Aus der Einsicht in die persönliche Schuld entsteht die Sehnsucht, sich zu bessern, das nennt man Reue. Zu ihr gelangen wir, wenn wir den Widerspruch zwischen der Liebe Gottes und unserer Sünde sehen. Dann sind wir voller Schmerz über unsere Sünden; wir nehmen uns vor, unser Leben zu ändern, und setzen unsere ganze Hoffnung auf die Hilfe Gottes.

Die Realität der Sünde wird oft verdrängt. Manche glauben sogar, man müsste gegen Schuldgefühle einfach nur psychologisch vorgehen. Aber echte Schuldgefühle sind wichtig. Es ist wie im Auto: Wenn der Tacho eine Gescheindigkeitsübertretung anzeigt, ist nicht der Tacho schuld, sondern der Fahrer. Je näher wir Gott kommen, der ganz Licht ist, desto deutlicher treten auch unsere Schattenseiten zutage. Aber Gott ist kein Licht, das verbrennt, sondern ein Licht, das heilt.
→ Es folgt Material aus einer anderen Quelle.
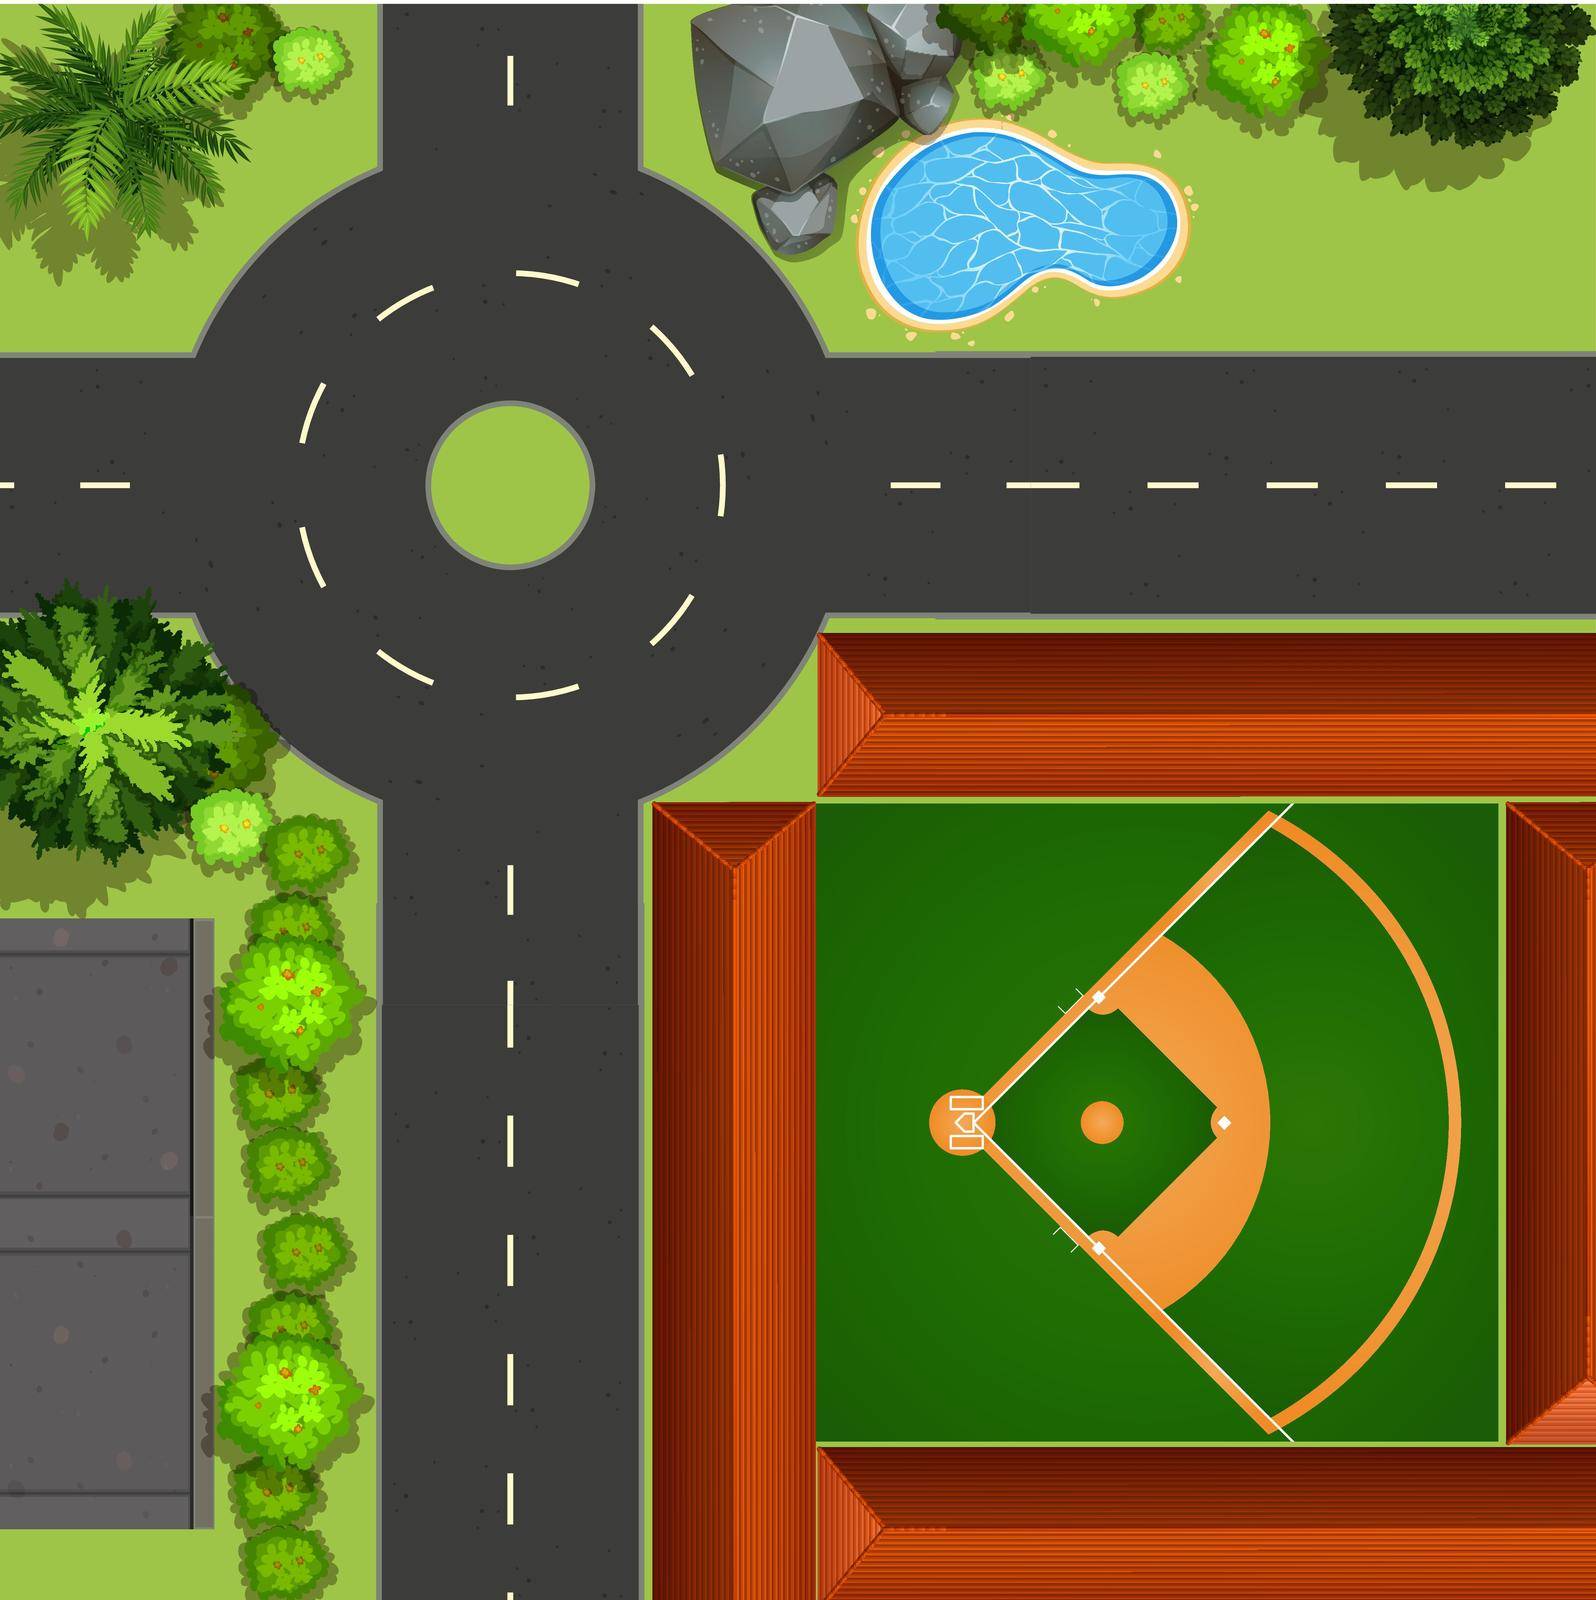 Baseball field by iimages

Deshalb treibt uns die Reue an, in das Licht zu gehen, in dem wir ganz gesund werden.“

„263: Warum ist die Ehe unauflöslich?

Die Ehe ist dreifach unauflöslich. Einmal, weil es dem Wesen der Liebe entspricht, sich vorbehaltlos gegenseitig hinzugeben; dann, weil sie ein Abbild der bedingungslosen Treue Gottes zu seiner Schöpfung ist; und sie ist nochmal unauflöslich, weil sie die Hingabe Christi an seine Kirche darstellt, die bis zum Tod am Kreuz ging.

In einer Zeit, in der vielerorts 50 Prozent aller Ehen geschieden werden, ist jede Ehe, die hält, ein großes Zeichen – zuletzt eines für Gott. Auf dieser Erde, auf der so vieles relativ ist, sollen Menschen an Gott glauben, der allein absolut ist. Darum ist alles Nichtrelative so wichtig; jemand, der absolut die Wahrheit sagt oder absolut treu ist. Absolute Treue in der Ehe bezeugt weniger die menschliche Leistung als die Treue Gottes, der auch dann noch da ist, wenn wir ihn in jeder Hinsicht verraten und vergessen. Kirchlich heiraten heißt: mehr auf Gottes Hilfe als auf den eigenen Vorrat an Liebe zu vertrauen.“

„460: Welche Gefahr geht von den Medien aus?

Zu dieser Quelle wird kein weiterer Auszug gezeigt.